Maybe you just need more toilet breaks?  twice a day is very low for a jpouch, maybe you are over medicating or holding too long?  If not maybe you would benefit from taking a laxative to encourage you to go more often?

 

A jpouch typically has capacity to hold 300ml (mine is slightly larger than this). It is not a stretchy and flexible as a colon.  When it reaches capacity it will hurt!  The more you eat, the more it fills, the more bathroom breaks you will require.  

 

For most people food passes through largely untouched, especially high residue foods. 300ml isn't a lot of storage space at all (basically a can of cola in capacity)

 

Hth

So terribly sorry, I know how overwhelming it can all be...as you said, it has been a horrible year for you.

I get phantom pains in my upper right quadrant...they take my breath away...no diagnosis...1st they thought that I had stones in the common bile duct, then adhesions, now I just accept that they will come, throw me for a loop and then be gone until the next time...mine are not pouch but surgery related...probably due to all of the surgery that I have had (or phantom gallbladder syndrom...apparently it really is a thing.)...either way, I have found a way to accept and live with it (no, I do not like it but what choice do I have...? My students are getting used to me suddenly sucking in my breath, bending double...sweating bullets and then exhaling and being just fine...I explained and they deal with it just like I do)

As for the women, the scars, the explanations? Don't bother...I spent my life worrying about the wrong things...What would the man think, what will the guy say, what happens if he sees my scars???

Honestly, I wasted 20 yrs worrying about stuff that in the long run, just doesn't matter...no one cares, not really...

It is all about attitude and acceptance...I don't like my scars and my hubby doesn't either but they are part of who I am and he loves all of me, not just the pretty parts...

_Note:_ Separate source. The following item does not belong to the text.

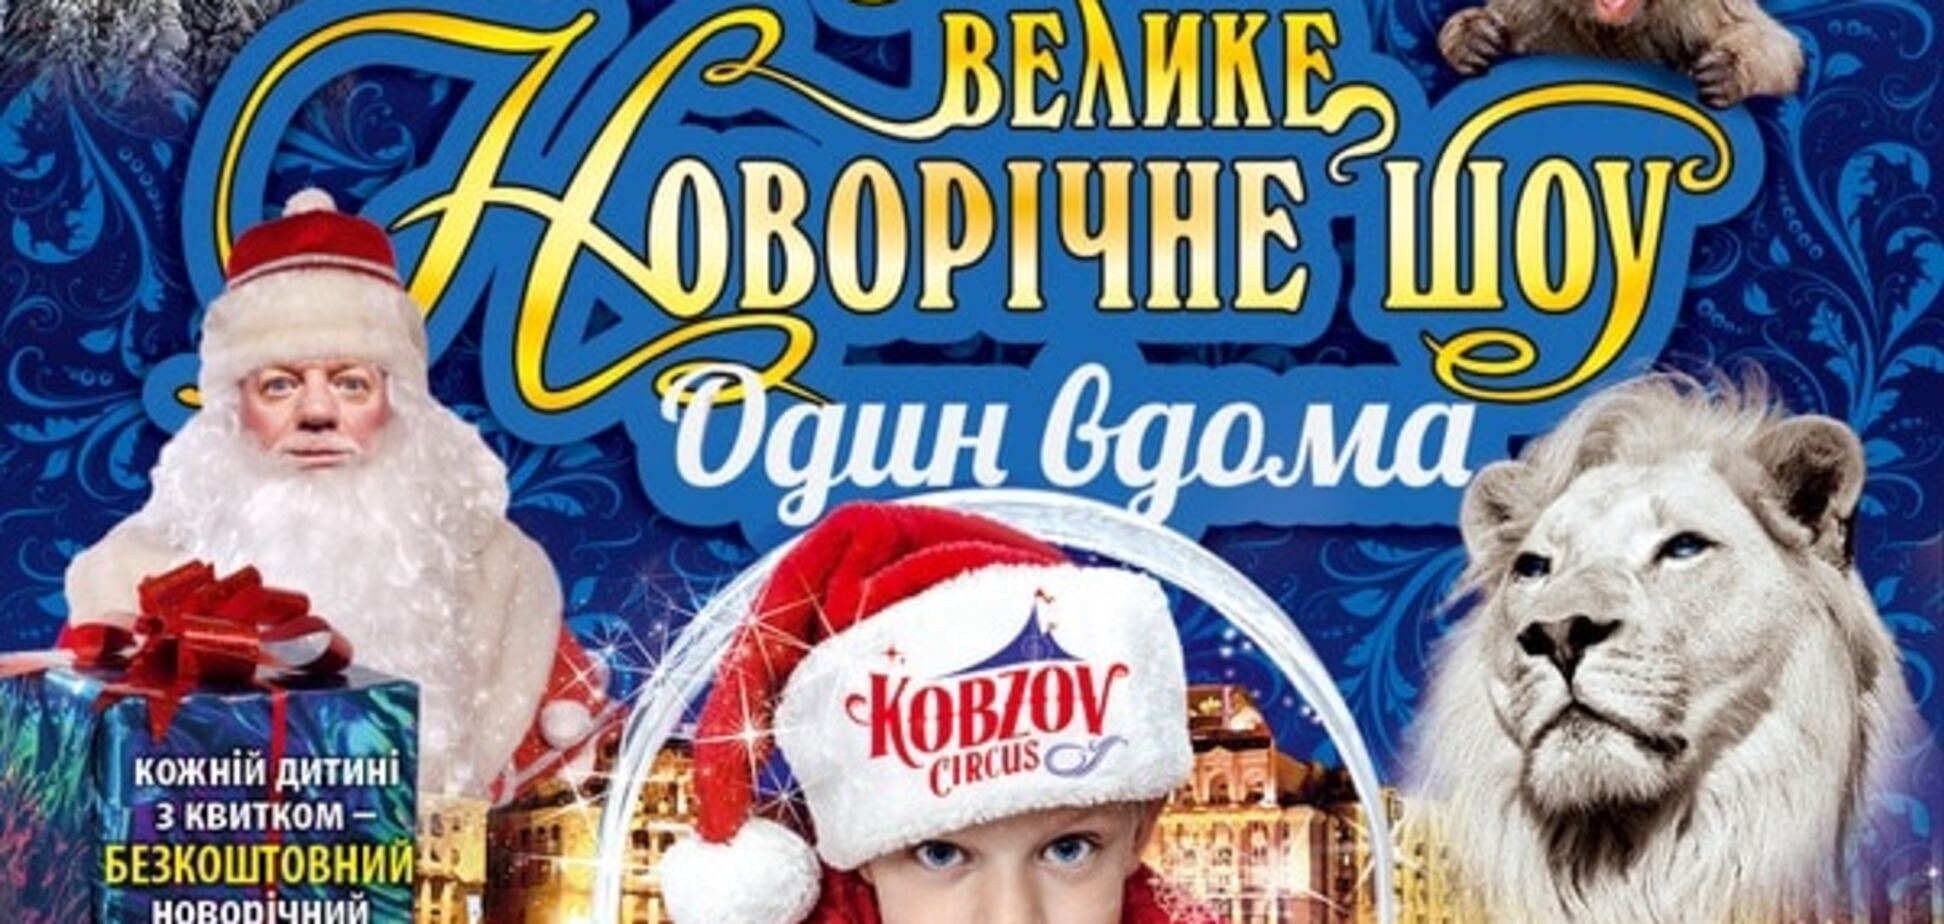 Цирк 'Кобзов' покажет Большое Новогоднее шоу 'Один дома'
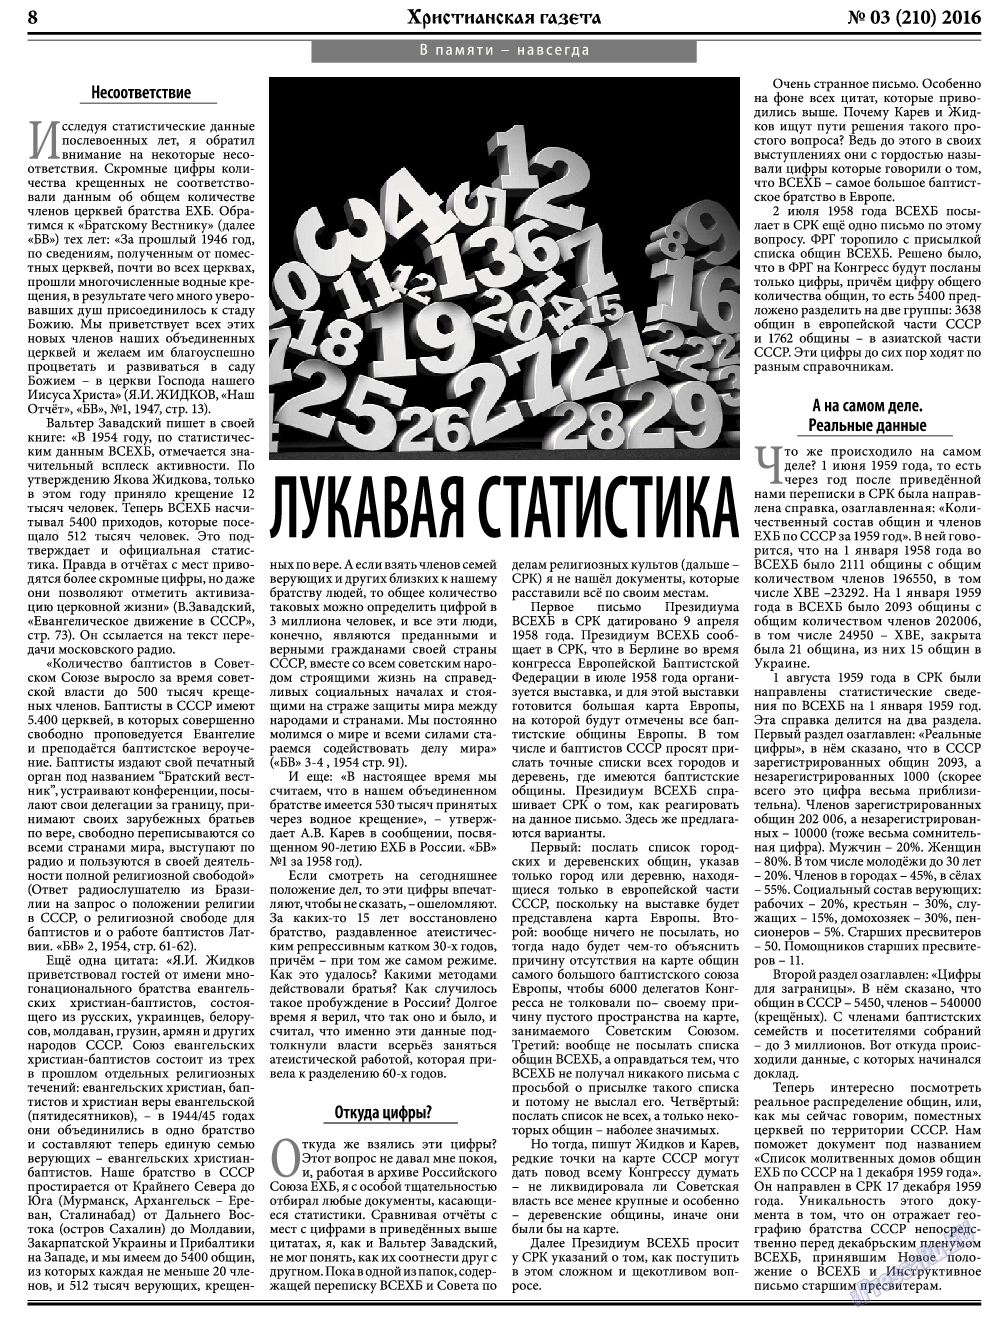 Христианская газета, газета. 2016 №3 стр.8

You might need to mourn the loss of your body image...But once you accept yourself so will everyone else...and if they don't? Then they are not worth it.

Sharon

It's been awhile since I have been on forum. I have had my J pouch since 2011. I had to have surgery in July to remove scar tissue. According to my doctor I was a "mess"! (I tried telling her that)! Now, I suffered an obstruction earlier this month but made it through with no surgery!! Whew!! My issue is that I have the sudden pains and also have the irritable bottom that will not heal. My doctors answer is always the same, it will get better with time!! How much time?  

Does anyone have any suggestions? I have used everything that has always worked for me in the past. It doesn't matter what I eat. I am miserable!!